O Estado de S. Paulo, n. 47966, 13/02/2025. Política, p. A6

Lei antidesmate da UE faz Tarcísio cobrar posição do governo Lula
Pedro Augusto Figueiredo

 

 

Governo de SP vê risco para o agronegócio em novas regras que serão implementadas pela União Europeia.

A lei antidesmatamento da União Europeia (UE), conhecida também pela sigla em inglês EUDR, é o novo capítulo de uma rixa entre a administração do governador paulista, Tarcísio de Freitas (Republicanos), e a gestão do presidente Luiz Inácio Lula da Silva (PT). O secretário de Agricultura de São Paulo, Guilherme Piai, enviou ofício ao Ministério da Agricultura e ao Itamaraty cobrando providências para que o agronegócio paulista não seja prejudicado pela forma como as novas regras estão sendo implementadas.

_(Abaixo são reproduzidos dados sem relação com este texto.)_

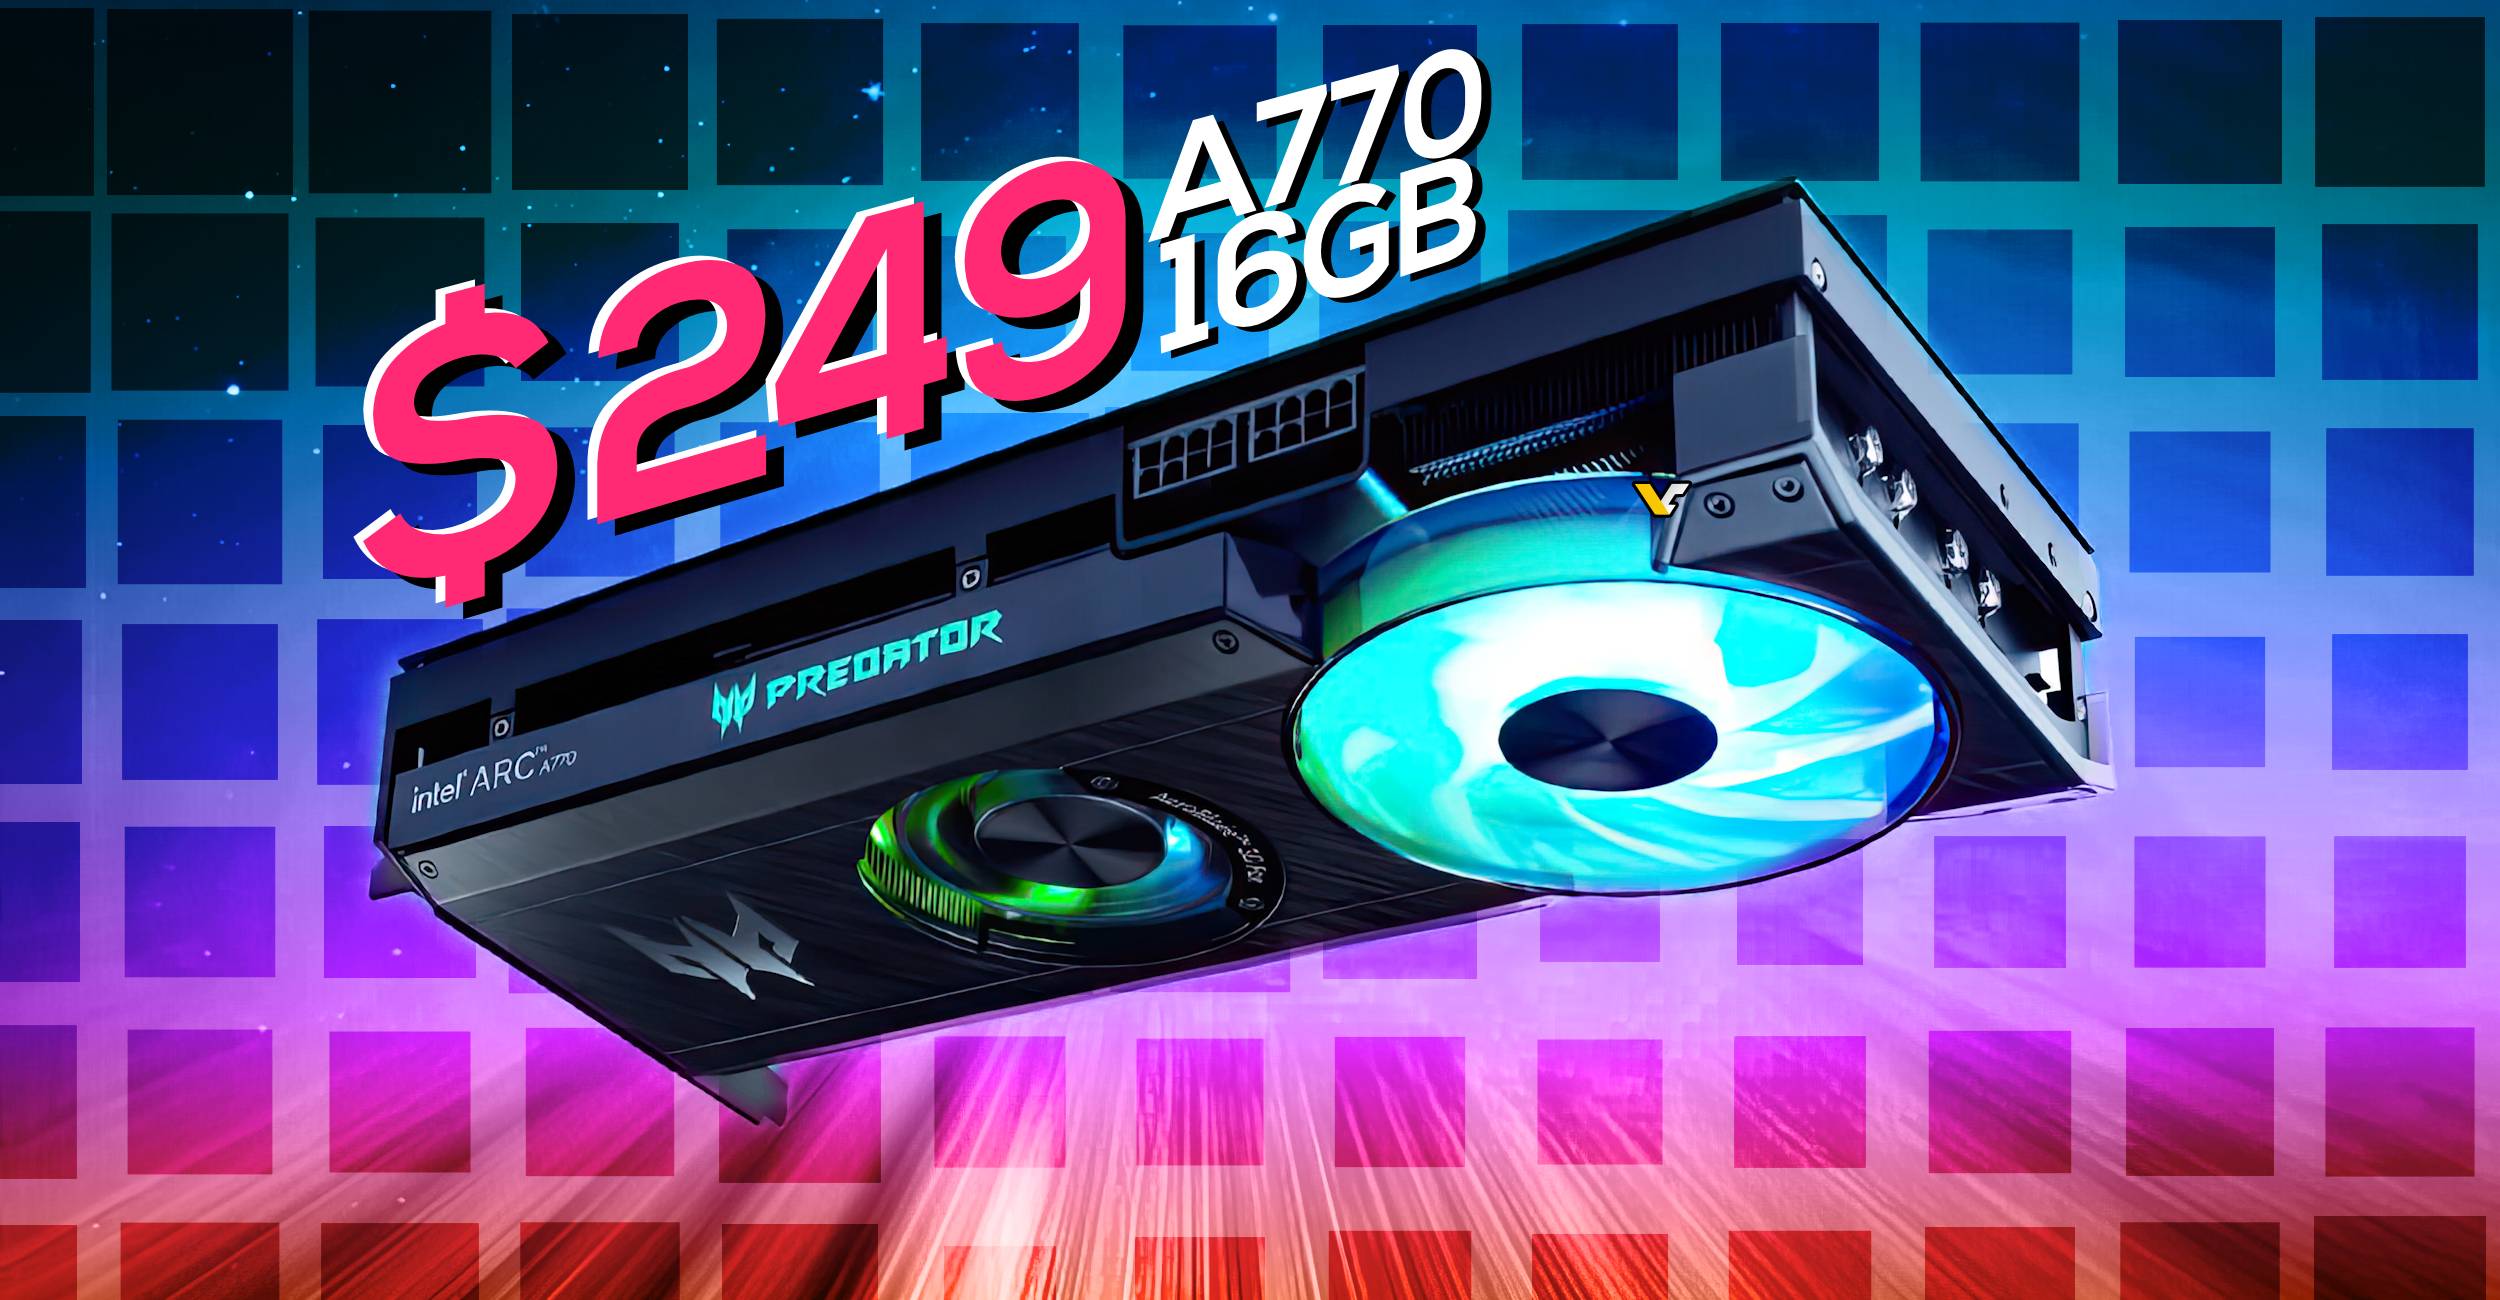 Intel Arc A770 8GB 16GB Graphics Card Gaming NVIDIA GPU GDDR6 256bit HDMI*1  DP*3 PCI Express 4.0 x16 Video card

A avaliação no governo estadual é de que o cenário atual prejudicará especialmente as exportações do café paulista, que somaram R$ 7,71 bilhões no ano passado. A UE é o principal destino do produto, com quase metade das compras.

Café Governo de SP vê risco especialmente para as exportações de café, que somaram R$ 7,7 bi em 2024

Procurado por meio do Ministério da Agricultura e do Itamaraty, o governo federal não respondeu.

Piai quer mudanças na análise de risco ambiental para a aplicação da EUDR e também na forma como é feita a geolocalização das florestas. Os pedidos, porém, se chocam com a avaliação no Palácio dos Bandeirantes de que, historicamente, o governo federal é resistente a sugestões e pleitos de São Paulo, principal centro econômico do País.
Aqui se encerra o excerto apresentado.